Box 2.3 «Unerwartete» ökologische Auswirkungen von anthropogen verursachten Störungen in der Kalziumversorgung von Vögeln

Schneckenhäuschen sind für viele Vögel wichtige Kalziumquellen vor der Eibildung, denn Vögel können keine größeren Kalziumvorräte im Körper anlegen. Weil Landschnecken auf sauren Böden geringere Dichten als auf kalkreichem Untergrund erreichen, können sie die Dichte von Singvögeln in natürlicherweise kalkarmen Gebieten limitieren. Nachdem Forscher in niederländischen Wäldern auf sandigen Böden Rückgänge im Bruterfolg bei Singvögeln feststellten, wiesen sie nach, dass Eier öfter zerbrachen, weil die Dicke der Eischalen abnahm. Dies wiederum war auf einen Rückgang in der Häufigkeit der Landschnecken zurückzuführen, der seinerseits durch den anthropogen bedingten sauren Regen verursacht wurde (Graveland & van der Wal 1996; Graveland & Drent 1997).

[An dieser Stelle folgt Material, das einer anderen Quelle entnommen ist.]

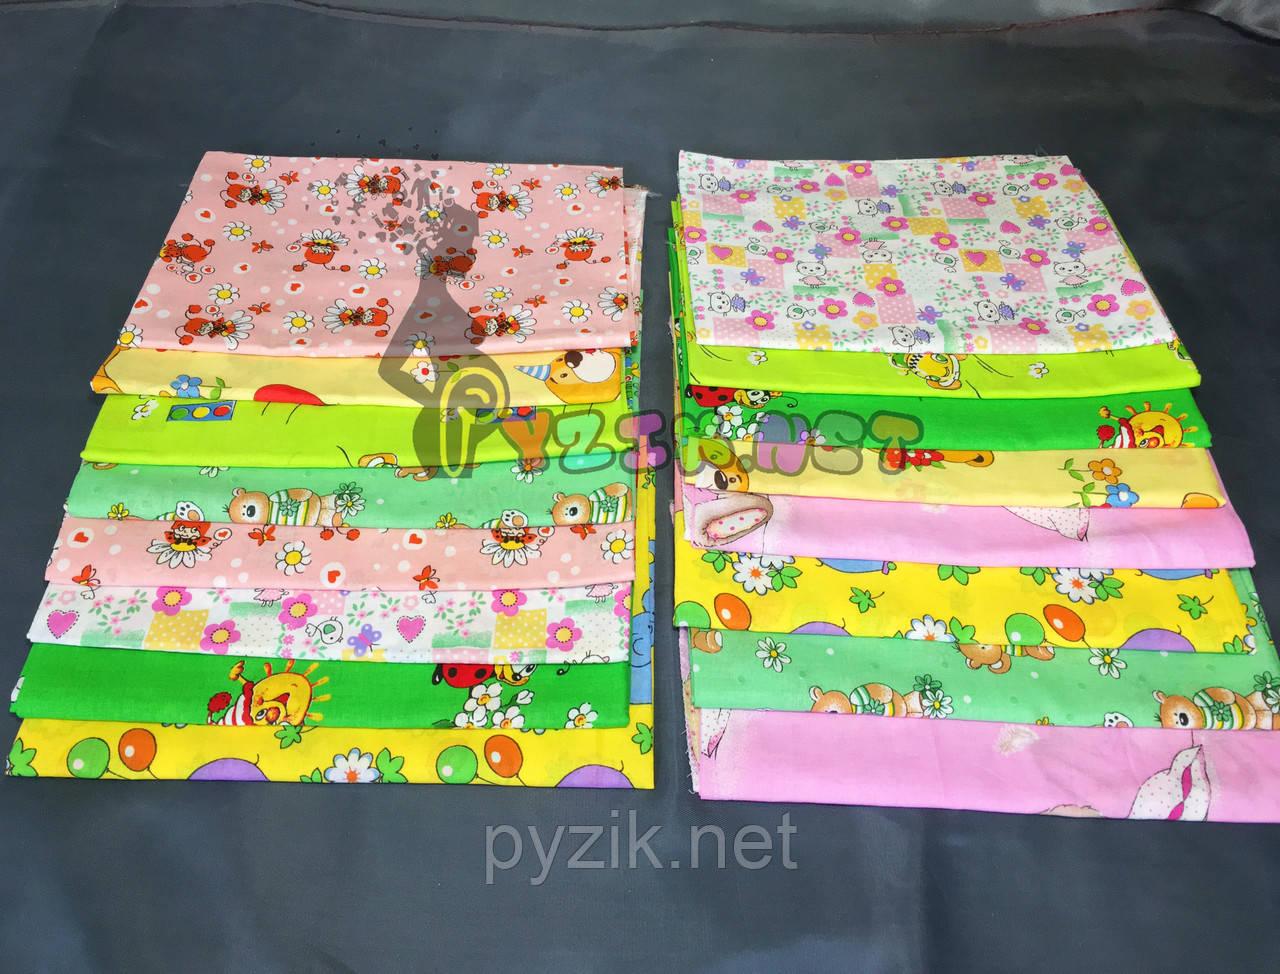 Комплект нежные ситцевые пеленки мини (5 шт) (80Х100 см)

Geiernestlinge müssen ihren Kalziumbedarf durch Knochenfragmente decken, die ihnen die Eltern füttern. Diese stammen in der Regel von Knochen, die vorgängig von größeren Säugern zerbissen wurden. Nach der Ausrottung von Löwen (Panthera leo) und Hyänen (Crocuta, Hyaena) auf dem Farmland in Südafrika konnten sich die Kapgeier (Gyps coprotheres, ähnlich den Arten in Abb. 2.9) zwar weiterhin vom Fleisch von totem Vieh ernähren. Da die Knochen aber nicht mehr durch Großprädatoren aufgeschlossen wurden, fehlte es an verfütterbaren Knochen, und aufgrund des Kalziummangels litten die Geiernestlinge vermehrt an Knochenmissbildungen (metabolische Osteodystrophie, «Rachitis»). Bei Kolonien in Wildreservaten mit Großprädatoren war dies nicht der Fall (Richardson et al. 1986).

Entsprechend ihrer chemischen Verwandtschaft lassen sich etwa 20 Gruppen sekundärer Pflanzenstoffe unterscheiden. Zu ihnen gehören etwa Terpene, Phenole oder Alkaloide. Terpene hemmen als Aroma- oder Bitterstoffe die Tätigkeit der Mikroorganismen im Pansen der Wiederkäuer. Phenole, zu denen die Tannine gehören, binden sich an Proteine und reduzieren dadurch deren Verdaulichkeit. Die meisten Blätter von Bäumen enthalten Tannine. Alkaloide sind zyklische Stickstoffverbindungen, die vor allem mild toxisch wirken. Viele Raupen können Alkaloide sequestrieren und im eigenen Körper akkumulieren, was sie selbst gegen Fraß durch Vögel schützt. Die große Vielfalt der Sekundärstoffe auch innerhalb einer Gruppe bringt es aber mit sich, dass sich die Wirkungen der einzelnen Stoffe innerhalb einer Gruppe deutlich unterscheiden können. Dazu kommt, dass die Konsumenten im Laufe der Evolution selbst zahlreiche Abwehrmechanismen entwickelt haben. Je nachdem werden sie demnach versuchen, die Einnahme dieser Stoffe zu vermeiden, niedrig zu halten oder deren Wirkung zu neutralisieren.